If your only goal is to convert between the types (for now) then strictFactors x = [x] is the most canonical answer. This function is also called pure since [] is what's known as an Applicative and return since [] is known as a Monad.
I'm new in Haskell and try to solve 3 problem from http://projecteuler.net/.
The prime factors of 13195 are 5, 7, 13 and 29.
What is the largest prime factor of the number 600851475143 ?
My solution:
import Data.List
getD :: Int -> Int
getD x =
-- find deviders
let deriveList = filter (\y -> (x `mod` y) == 0) [1 .. x]
filteredList = filter isSimpleNumber deriveList
in maximum filteredList
-- Check is nmber simple
isSimpleNumber :: Int -> Bool
isSimpleNumber x = let deriveList = map (\y -> (x `mod` y)) [1 .. x]
filterLength = length ( filter (\z -> z == 0) deriveList)
in
case filterLength of
2 -> True
_ -> False
I try to run for example:
getD 13195
> 29
But when i try:
getD 600851475143
I get error Exception: Prelude.maximum: empty list Why?
Thank you #Barry Brown, I think i must use:
getD :: Integer -> Integer
But i get error:
Couldn't match expected type `Int' with actual type `Integer'
Expected type: [Int]
Actual type: [Integer]
In the second argument of `filter', namely `deriveList'
In the expression: filter isSimpleNumber deriveList
Thank you.
Your type signature limits the integer values to about 2^29. Try changing Int to Integer.
Edit:
I see that you already realised that you need to use Integer instead of Int. You need to change the types of both getD and isSimpleNumber otherwise you will get a type mismatch.

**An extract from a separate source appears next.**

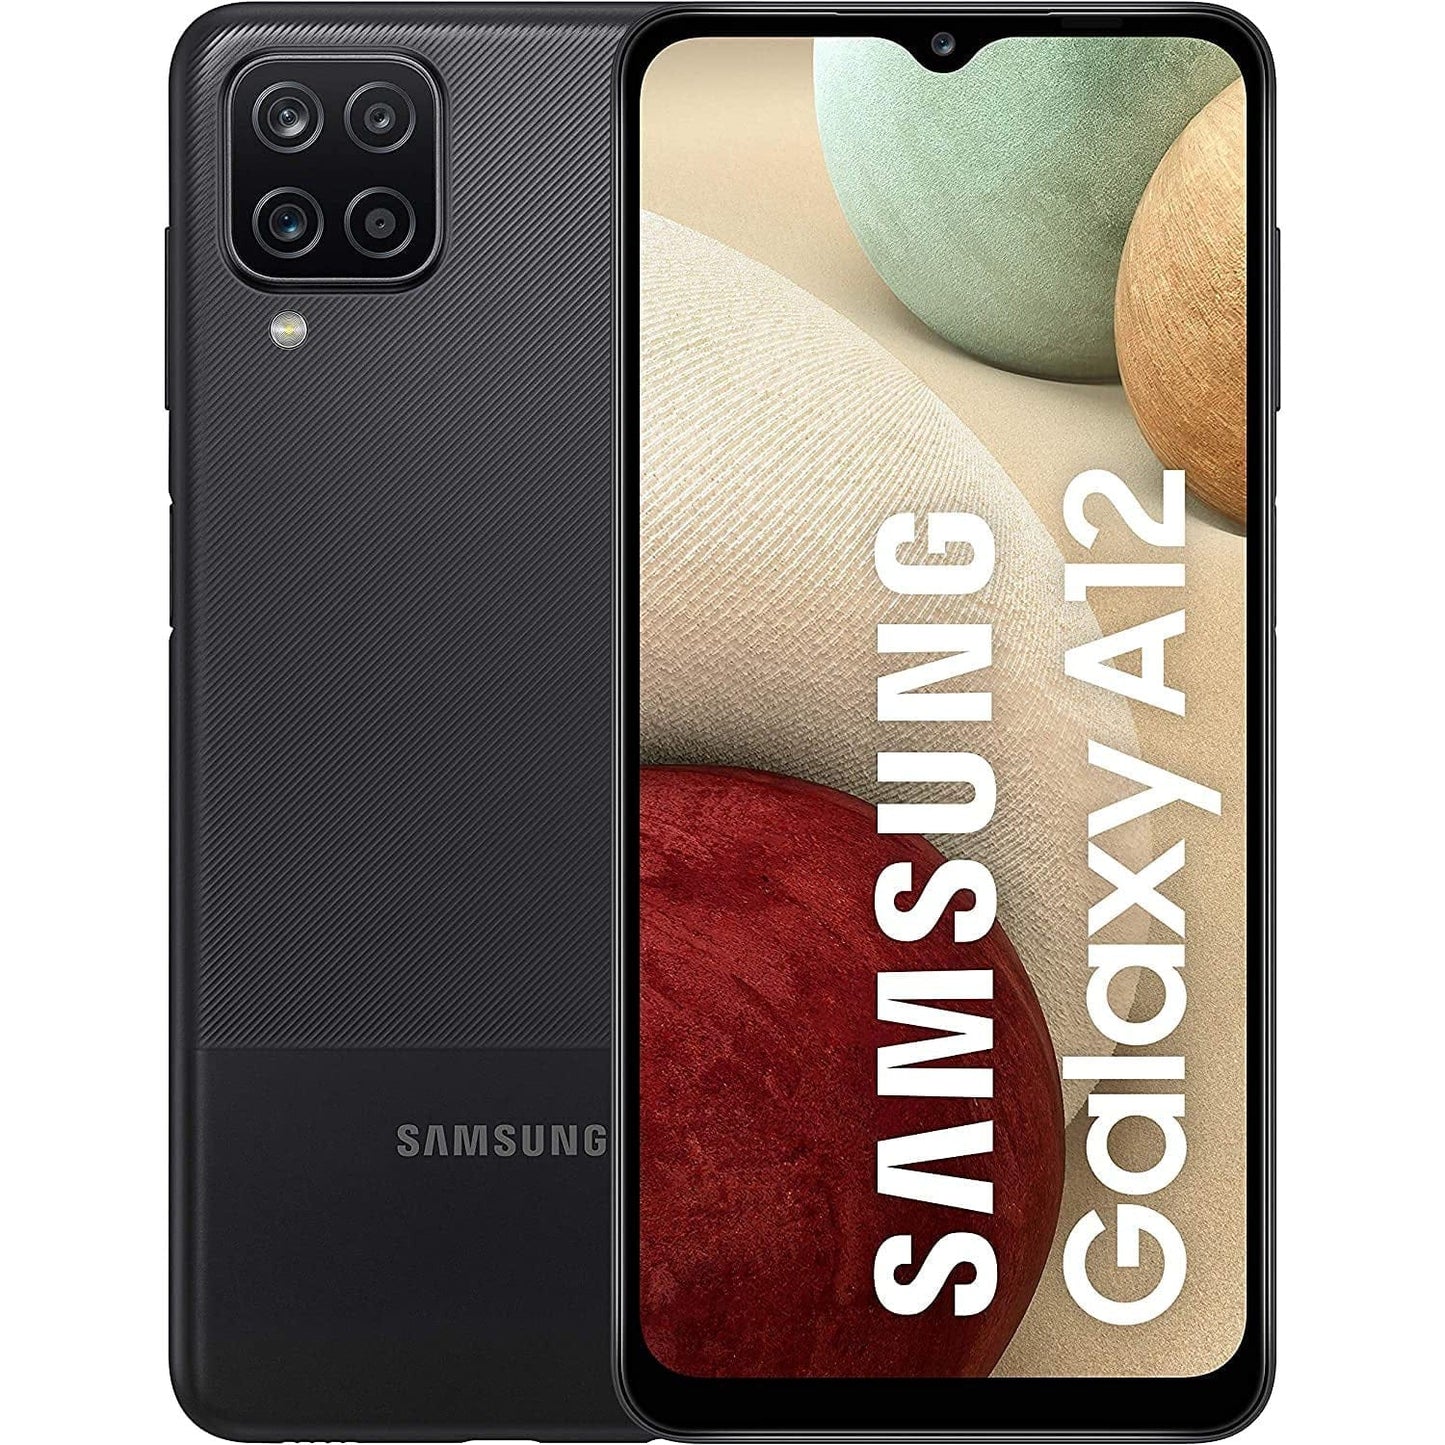 Metro by T-Mobile Samsung Galaxy A12, 32gb, Black - Prepaid Smar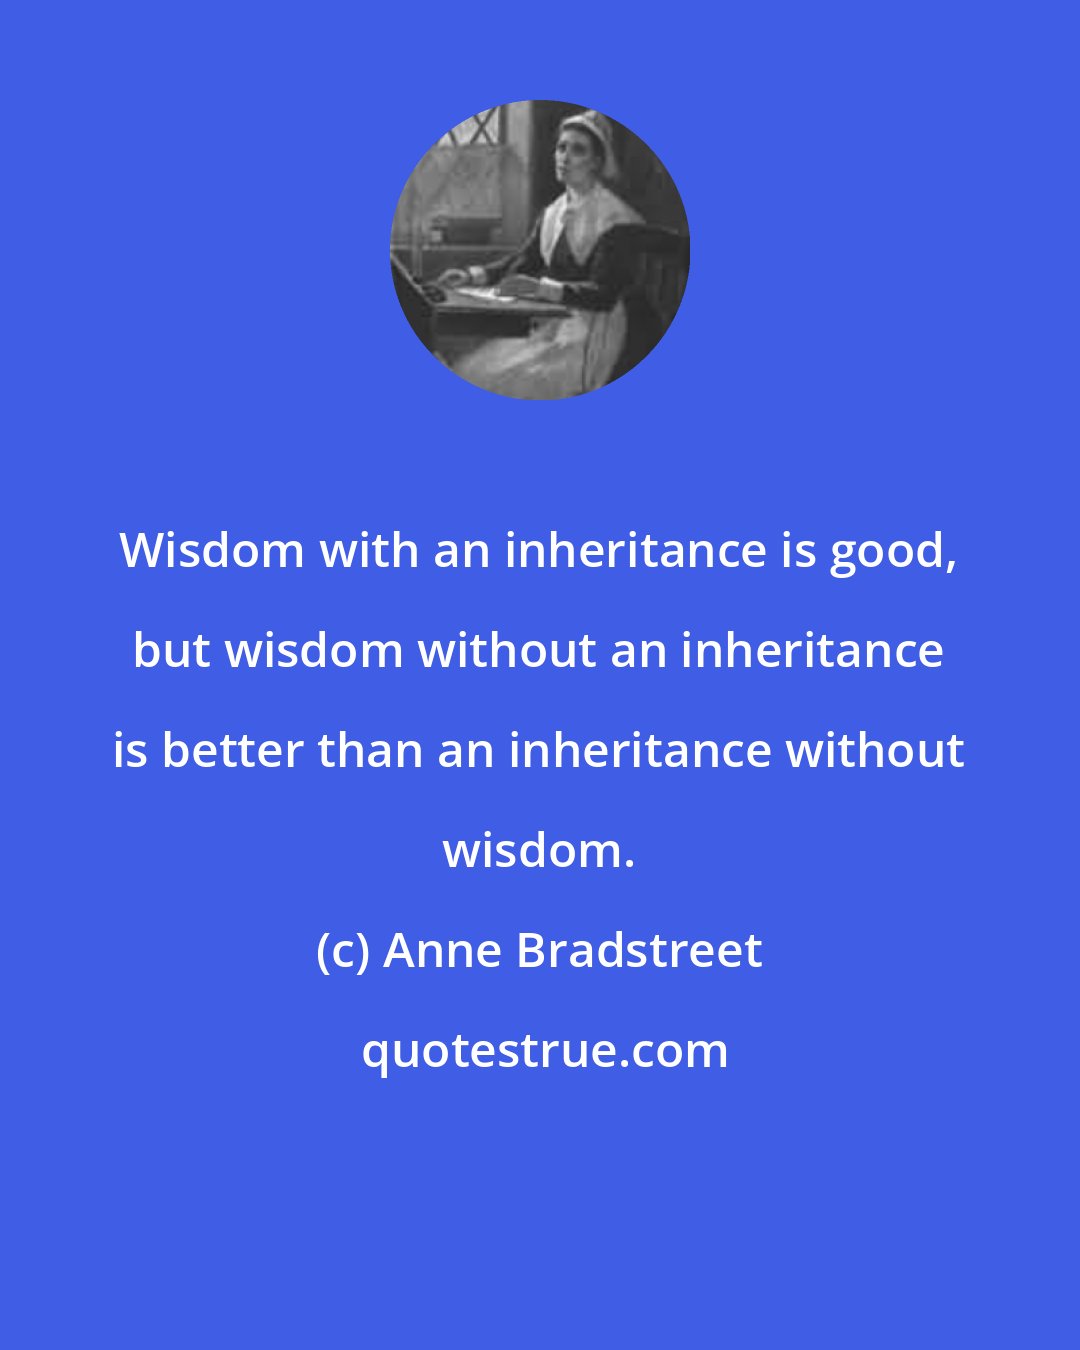 Anne Bradstreet: Wisdom with an inheritance is good, but wisdom without an inheritance is better than an inheritance without wisdom.

Also in general, if you are having trouble with types, simply remove the type declarations and let Haskell tell you the correct types.
Main> :t getD
getD :: Integral a => a -> a
Main> :t isSimpleNumber
isSimpleNumber :: Integral a => a -> Bool
After you found the error, may I point out that your solution is quite verbose? In this case a very simple implementation using brute force is good enough:
getD n = getD' n 2 where
getD' n f | n == f = f
| n `mod` f == 0 = getD' (n `div` f) f
| otherwise = getD' n (succ f)
this question is easy enough for brute-force solution, but it is a bad idea to do so because the whole idea of project euler is problems you need to really think of to solve (see end of answer)
so here are some of your program's flaws:
first, use rem instead of mod. it is more efficient.
some mathematical thinking should have told you that you don't need to check all numbers from 1 to x in the isprime function and the getD function, but checking all numbers from the squareroot to one (or reversed) should be sufficient. note that in getD you will actually need to filter numbers between x and the square root, because you search for the biggest one.
why do you use the maximum function in getD? you know the list is monotonically growing, so you may as well get the last one.
despite you only need the biggest divisor (which is prime) you compute the divisors list from small to big making the computer check for each value if it is a divisor or not although discarding the result once a bigger divisor is found. it should be fixed by filtering the list of numbers from x to 1, not from 1 to x. this will cause the computer to check divisibility (how should I say that?) for the biggest possible divisor, not throwing to the trash the knowledge of previous checks. note that this optimization takes effect only if the previous point is optimized, because otherwise the computer will compute all divisors anyway.
with the previous points mixed, you should have filtered all numbers [x,x-1 .. squareroot x] and taken the first.
you don't use an efficient isPrime function. if I were you, I would have searched for an isprime library function, which is guaranteed to be efficient.
and there are more..
with this kind of code you will never be able to solve harder project euler problems. they are designed to need extra thinking about the problem (for instance noticing you don't have to check numbers greater from the square root) and writing fast and efficient code. this is the purpose of project euler; being smart about programming. so don't skip it.